We excitedly woke up at 6:30 and ready ourselves for the big day of “whale-shark” tours. We made our way to the front of the park and waited for a bus to pick us up to take us to the wharf. Joe couldn't remember who we booked with and after the first bus came and we weren't on the list, we figured it would turn up eventually. Finally another bus came by and our names were on the list, thankfully as we didn't have the email print out or any recollection of who we did book with.
We boarded, and the bus took us a half hour away along the narrow coastal road that led to the Exmouth boat launch past the lighthouse along side the ranges that separated the coastal winds from the sheltered town. The weather was looking a bit dodgy, the clouds overhead threatened to thicken up and the wind was becoming consistent.
A tender came to pick us up from the mainland, and take us to “Magellan” our boat for the day. As we all waited for the crew to finish their duties, it seemed like the weather was not going to let up, what a disappointment after the weather we road in on the day before. We sat anchored in the calmer area of the reef, the waves one tenth the power of what we could see breaking on the reef further out, the waves catching the wind and creating a white sheet of water hooking over the yellow coral below.
Captain Bill uplifted the anchor and we were off to a quick snorkel spot while we awaited the spotter planes to find the location of the whale-sharks. We stopped next to a interesting reef, and we all tested our gear in the water. I was surprised at the current running through the area, and not being the strongest swimmer, it was defiantly a workout. Though the coral wasn't as colorful as we had seen on the east coast, there was still hundreds of fish of all kinds. The waves were kinda freaking me out, and I couldn't seem to remain calm as I could see the waves crashing over me while I stick my head in the water to see below. Frustrated after a few attempts I decided that my gear fit OK and I headed back to the boat, while Joe seemed to thrive on the adverse weather and he was gallivanting off into the reef to find as many types of fish as he could.
Back on board, the master divers Melanie and Danni served us morning tea and Bill fired up the engines to take us outside the reef. We went up to the fly-bridge to have a listen to what was going on, and they're spotter plane refused to go up due to the weather. It was windy, but no where near a huge crosswind by any means, and eventually they struck a deal with three planes and five boats to split the cost of the spotters. As planes were going up, we came around the opening in the reef to open water, where we could see the spray close up, and 2-3 meter rollers as they battled their way in from the sea. Oh I really hope I don't get seasick, or can't handle the waves. As Danni explained what to do when we see the whale-shark and the code of conduct stating that you MUST remain 3 meters from the head or body and 4 meters from the tail. Everyone listened intently, but for some it when in one ear and out the other.

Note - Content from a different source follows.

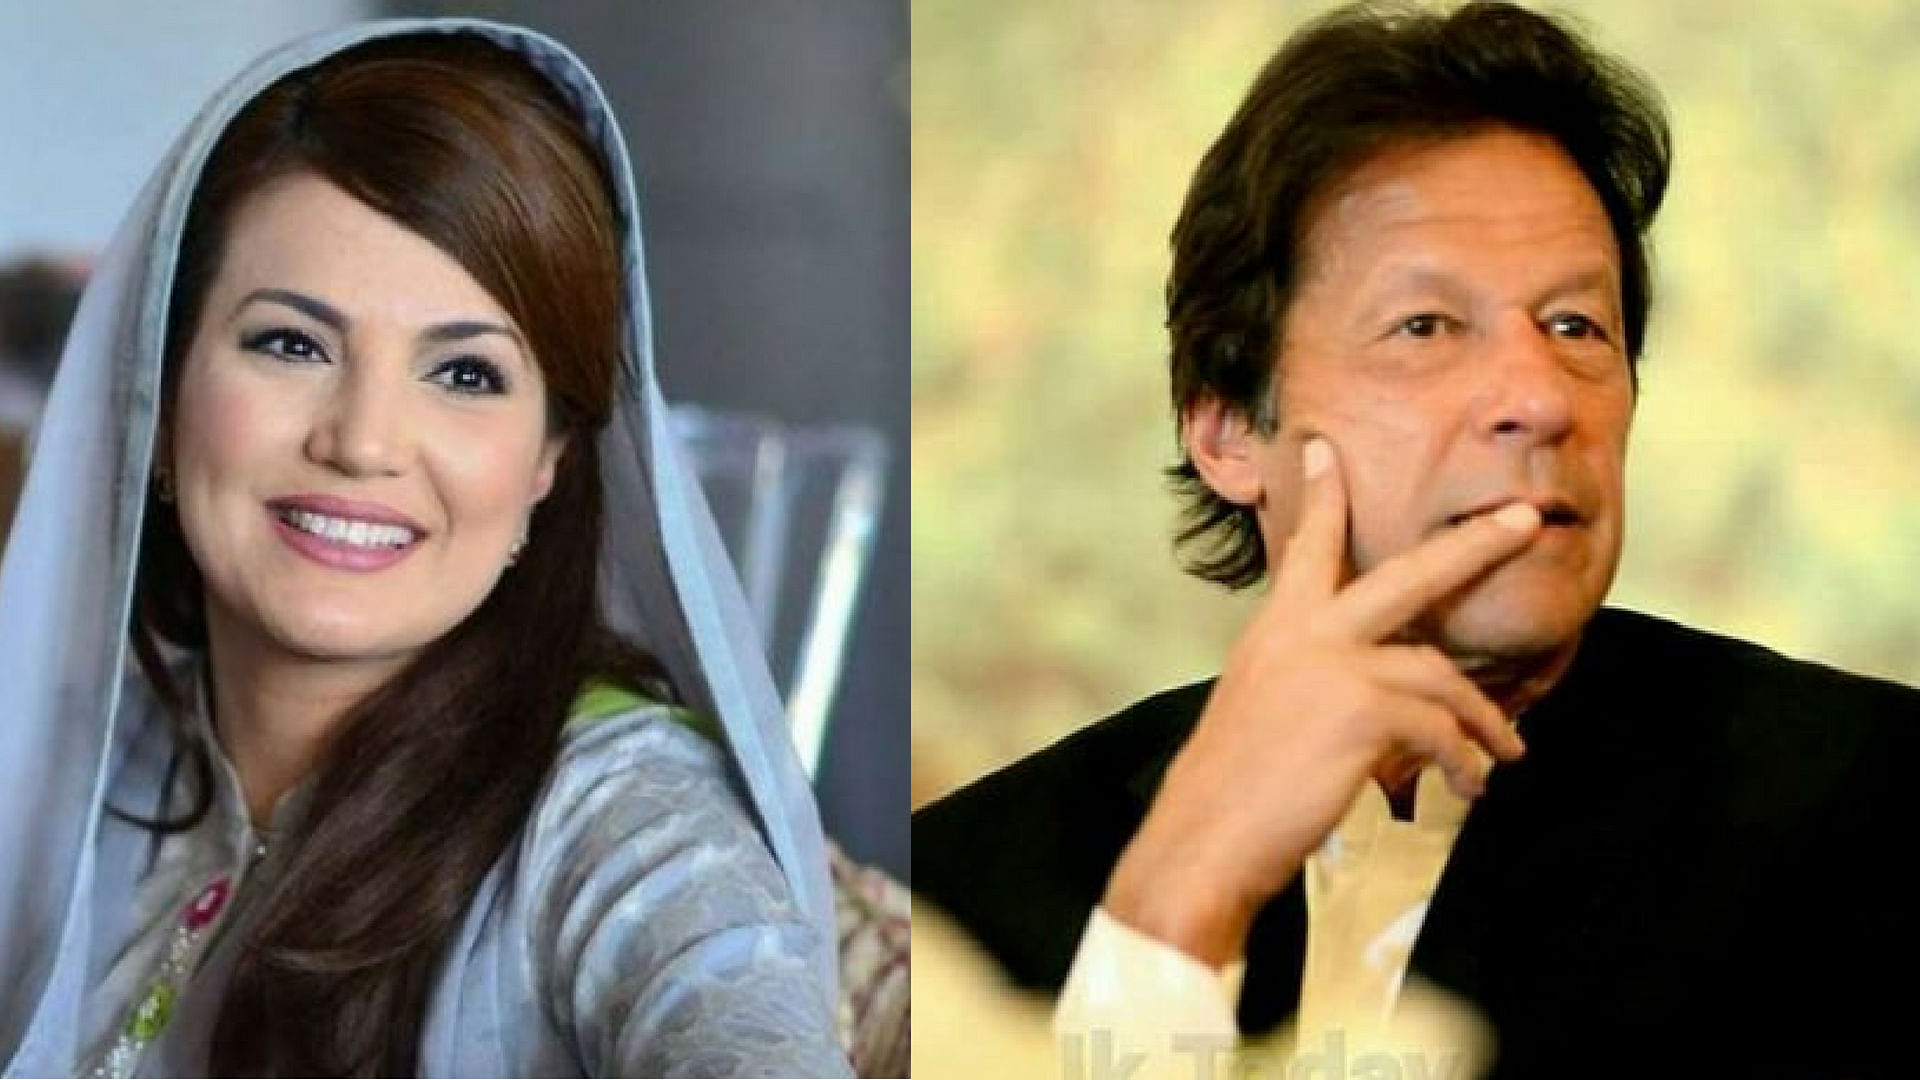 Reham Khan (left) was married to cricketer and politician Imran Khan (right) from January 2015 to October 2015.&nbsp;

And then we waited. Trolling around until the spotter planes found the whale-shark. Things began to look pretty grim, the weather was not letting up and it didn't seem like there were going to be any sightings. All of a sudden we get a call from the spotter plane, Bill radios back to deckie and its all on like Donkey Kong.
Melanie yells at group one to get ready and we all don our flipper and masks and get ready on the back deck. Mel waits for the signal and jumps in, directed by the deckie, she moves towards the whale-shark and we try to follow. As we jump in there is mass confusion, bubbles everywhere and flippers and flailing hands as everyone scrambles to view the whale-shark. I see a brief glimpse before I get a flipper in the head and then in a flash the 5.5 meter fish is gone, and Mel along side it as she tries to direct the group to view it.
With missing the majority of the viewing and struggling to get onto the back deck due to the “whale” in front of me beached up on the swim-grid, I was reluctant to go out again, but the second time was a far better viewing as I stayed hot on Mel's fins to catch a better glimpse at the spotted beast. This time, I ended up right in the path of the mighty fish, and quickly dashes to the left side before I was left for bate.
To see such a huge thing head on was pretty spectacular but it wasn't going to move for me, it wasn't going to move for anyone, it was tough and it knew it. I panicked and moved to the left to see it pass by, and was lucky to have no flippers in my face this time, and a sweet viewing spot to see it go by. I swam along side it for a while until it was just too quick for me and the rest of the group and it was passed on to the next group. We waited for the boat to pick us up again. The “whale” was in the way again and I had to be hauled up on deck so I wouldn't get sucked under the back of the boat.
We get a call that the fish is in a dive, so we'll have to wait until he resurfaces. Almost on cue, Captain Bill then spotted some manta rays and Dani and Mel went over the procedure of how to react around them.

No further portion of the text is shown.